_Exercise objective_
Reproduce the data exactly and drop any pictures it holds.

_Data excerpt_
* * * * *
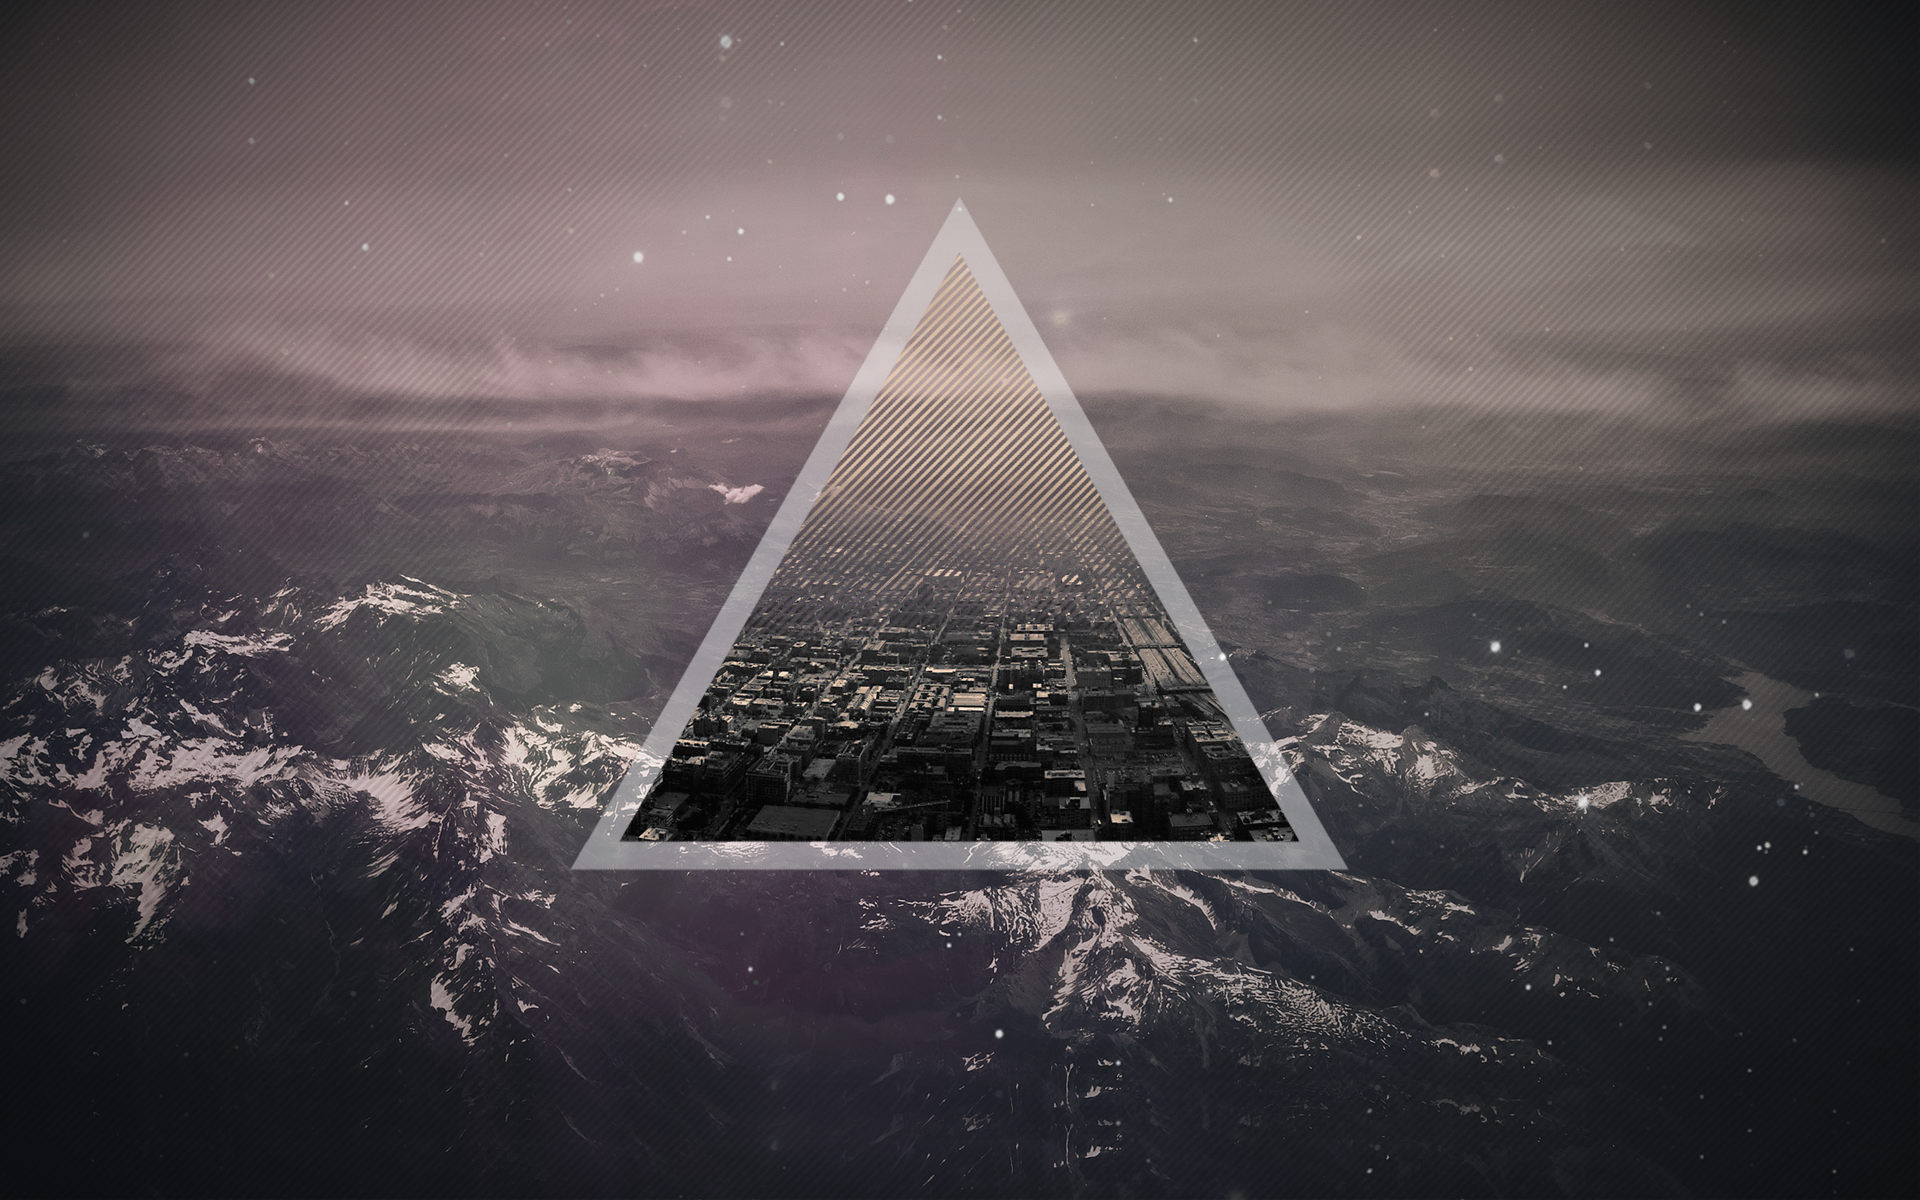  Hipster Triangle Backgrounds Triangle wallpapers image and save
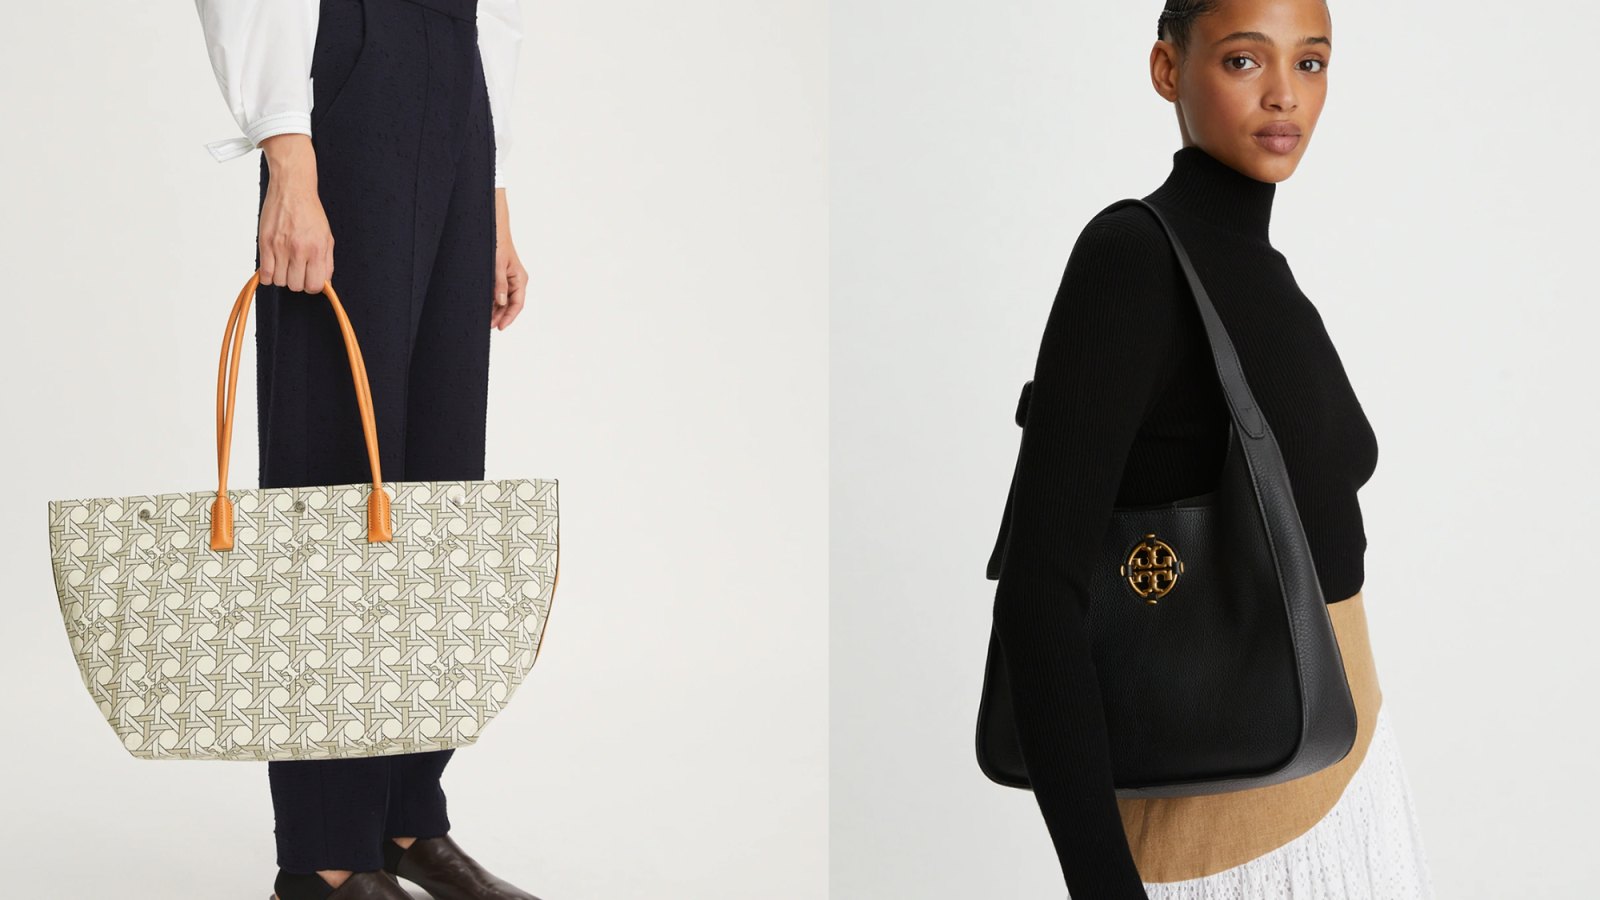 Tory Burch Exclusive Sale: Items, Prices, Where to Buy
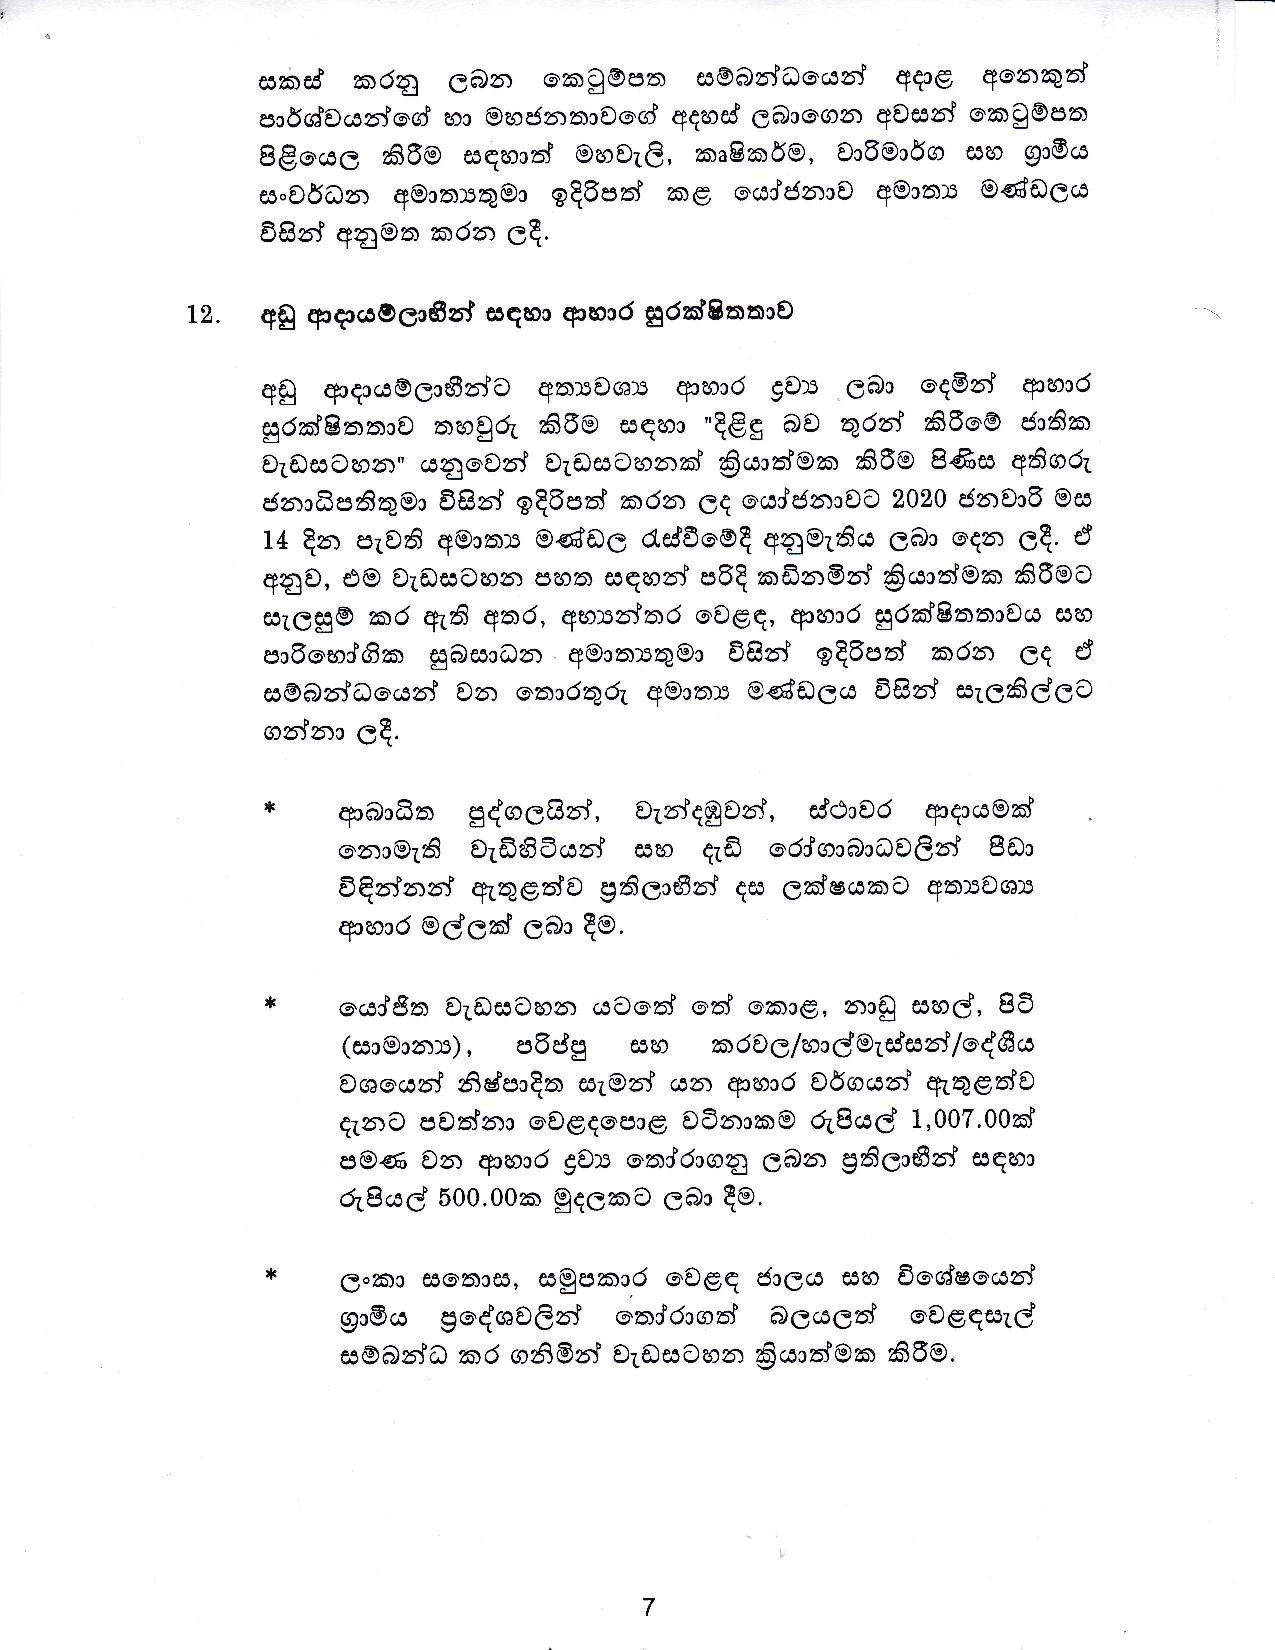 Cabinet Decision on 04.03.2020 page 007
* * * * *
_Solution for this problem_
  Hipster Triangle Backgrounds Triangle wallpapers image and save
 Tory Burch Exclusive Sale: Items, Prices, Where to Buy
 Cabinet Decision on 04.03.2020 page 007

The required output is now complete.